К саданувшему изумлению, мальчишка, прежде всеми силами выеживающийся на казенную жрачку, на слова его не среагировал: опять погрузился в свой чертов уволакивающий туман да, воистину по-дебильному улыбнувшись, когда улыбаться было не от чего, склонился над пододвинутой заботливой Азизой миской, запустил туда ложку, скрученную из присоединенной к деревянной палке вогнутой железной лопасти, и, зачерпнув тот кусок, что был поменьше, погрузил противное всему естественному синее ублюдство в принявшийся безразлично жевать рот, тут же окрашивающийся вдоль причмокивающих губ выдавливаемой из насекомых, случайно прихваченных с фальшивящим мясом, баснословной краснотой.
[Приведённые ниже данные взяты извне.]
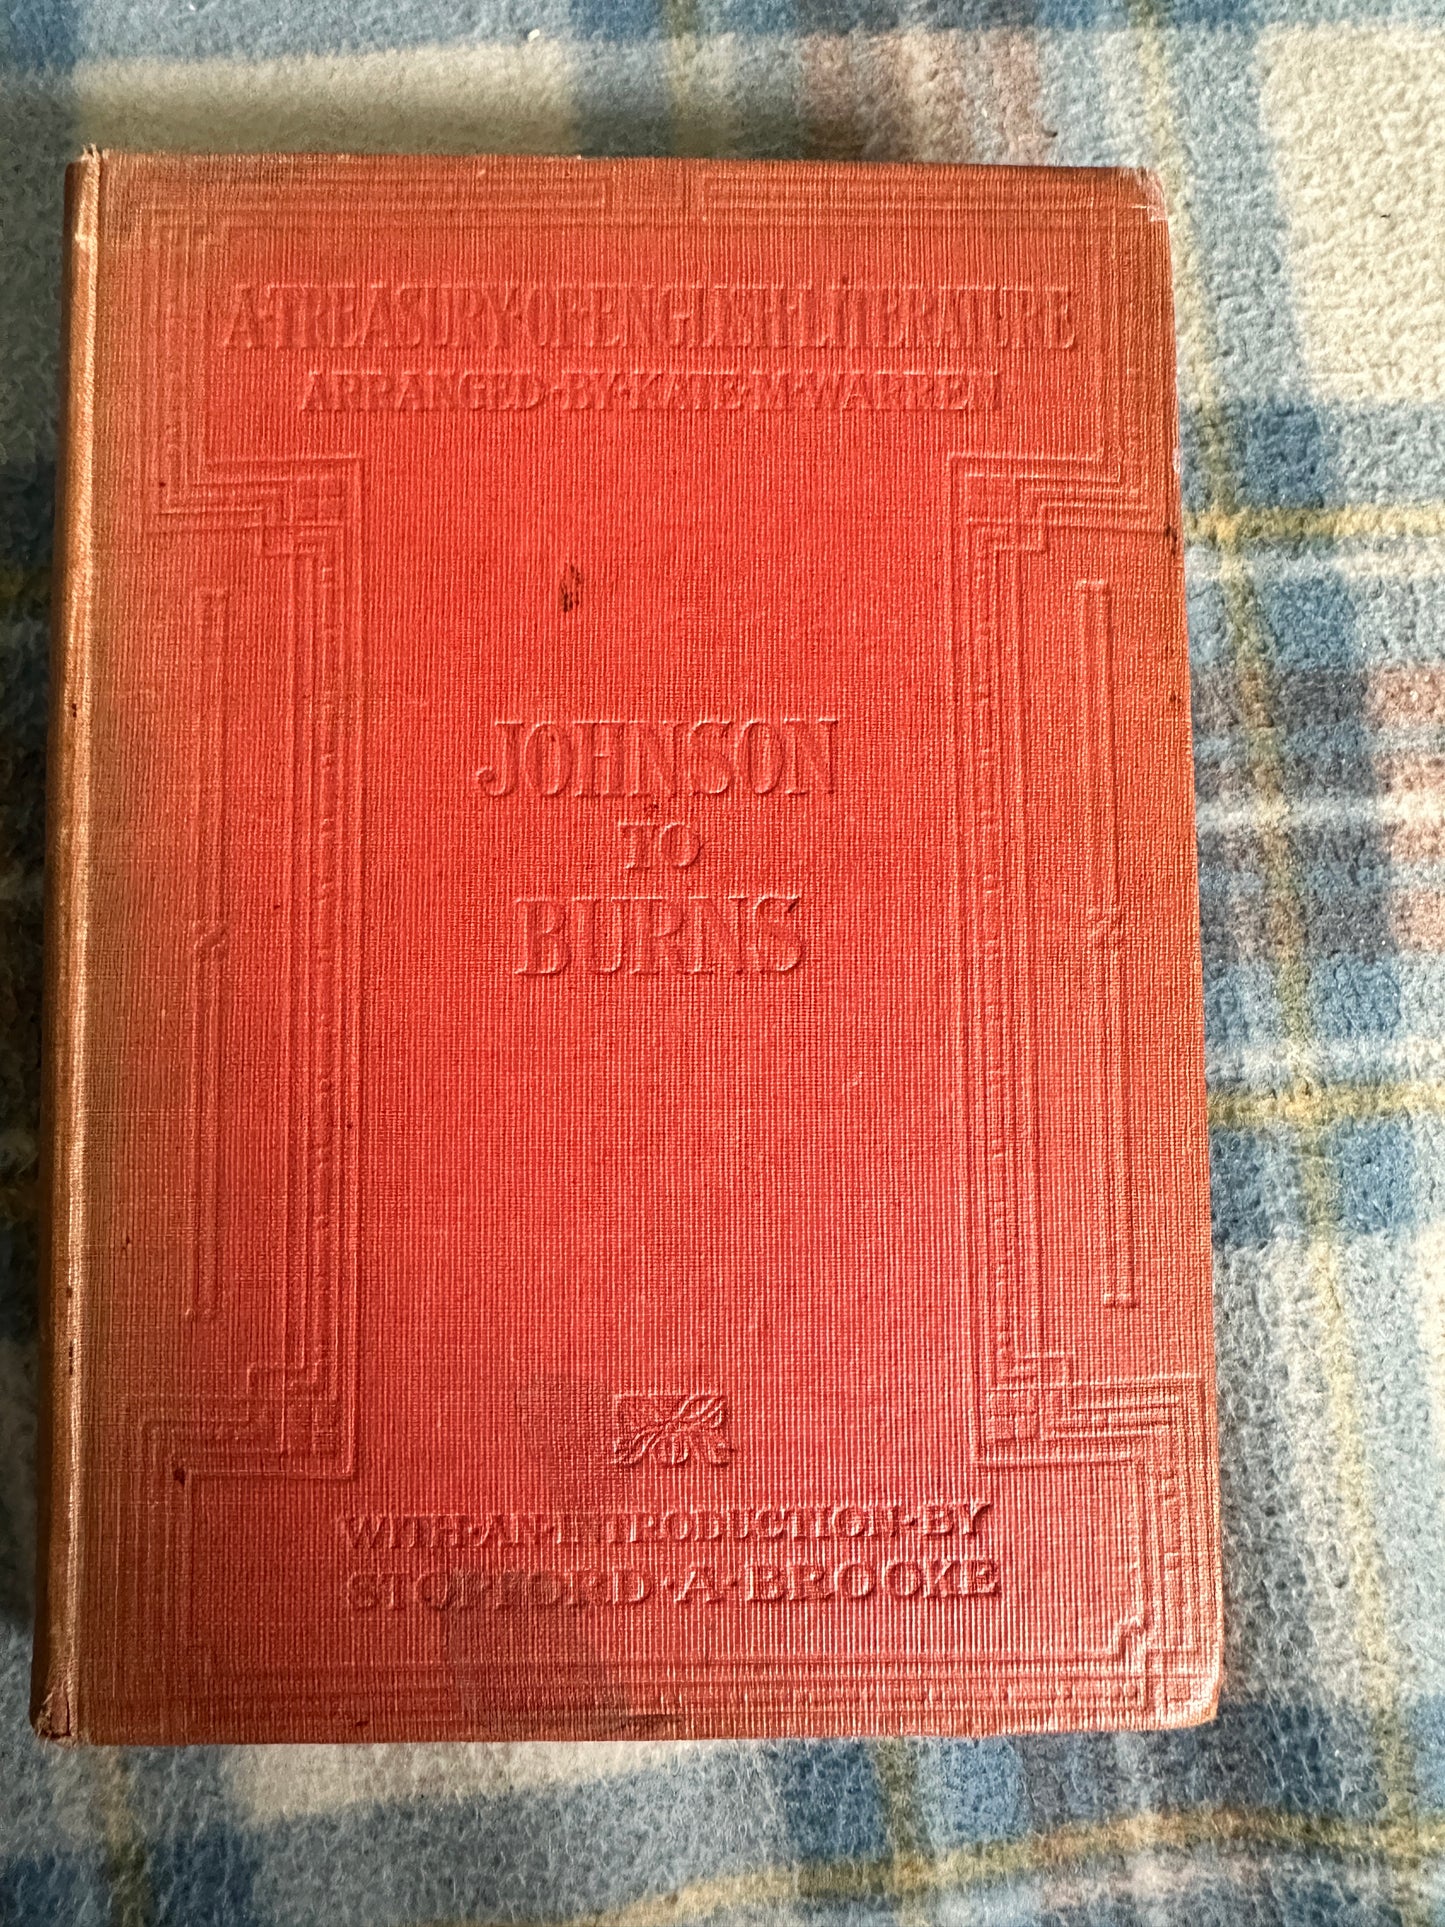 1908*1st* A Treasury Of English Language(Johnson to Burns) Kate Warren (Archibald Constable & Co Ltd)
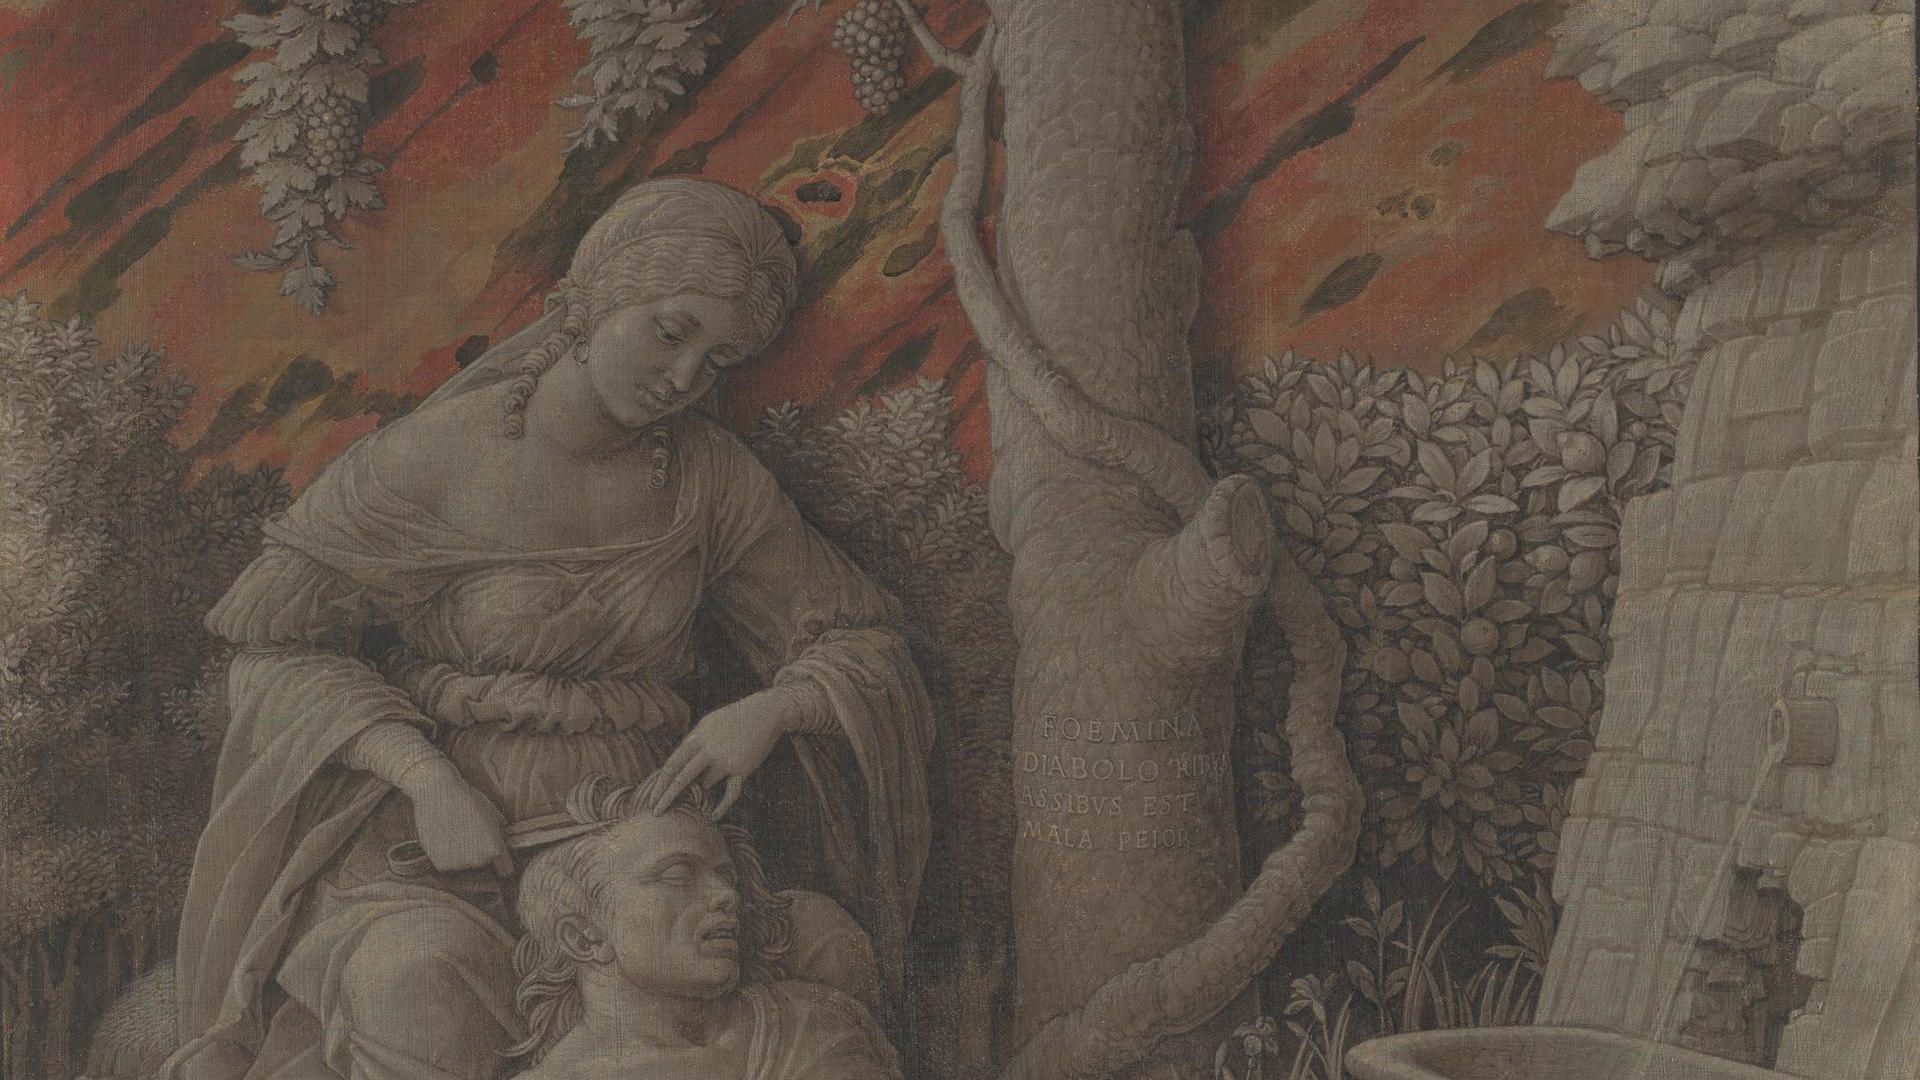 Samson and Delilah by Andrea Mantegna

— Это… на самом деле… вкусно, я… думаю… — захлебываясь стекающим по горлу соком, пробормотал, почти-почти выташниваясь, двинувшийся проседенный пацан, подкрашивая откровенно лживые, никак не могущие быть правдой слова невменяемой судорогой покрывающихся пузырчатой пеной страдающих губ. — Зря ты так… так… Джек… говор… ришь… оно ведь совсем не… не…

— Прекрати ты заливать, идиот! Я же вижу, что тебя сейчас выблюет этим твоим кретинистым «вкусно» да «зря»! Если не нравится, если жрать это говно не можешь — так ей и скажи! — срываясь, прорычал, с силой ударяя кулаком по столешнице — его проклятущая миска от этого дрябло подскочила, попытавшись перевернуться, но так и оставшись стоять, — Джек, едва-едва удерживающий себя в горящих да умоляющих распоясаться и натворить дел руках. — Бросай этот дешевый спектакль, маленький паршивец! Или что, ты только мне мог ныть, что боишься всего, что выглядит не так, как выглядеть положено, и жрать этого по доброй воле не хочешь?! Для того, кто блевал от дохлых неоперившихся птиц, ты ведешь себя, как последний тронутый ненормальный! Неужели ты настолько боишься эту чертову девку задеть, что готов ради ее сраной прихоти пичкаться всем, что она захочет тебе подсунуть?! Так зачем же тогда мелочиться?! Может, сразу попросишь у нее самое забористое, что тут есть, заранее уляжешься в подготовленную по твою душу могилку и там же с восторженным визгом поданный деликатес сожрешь?!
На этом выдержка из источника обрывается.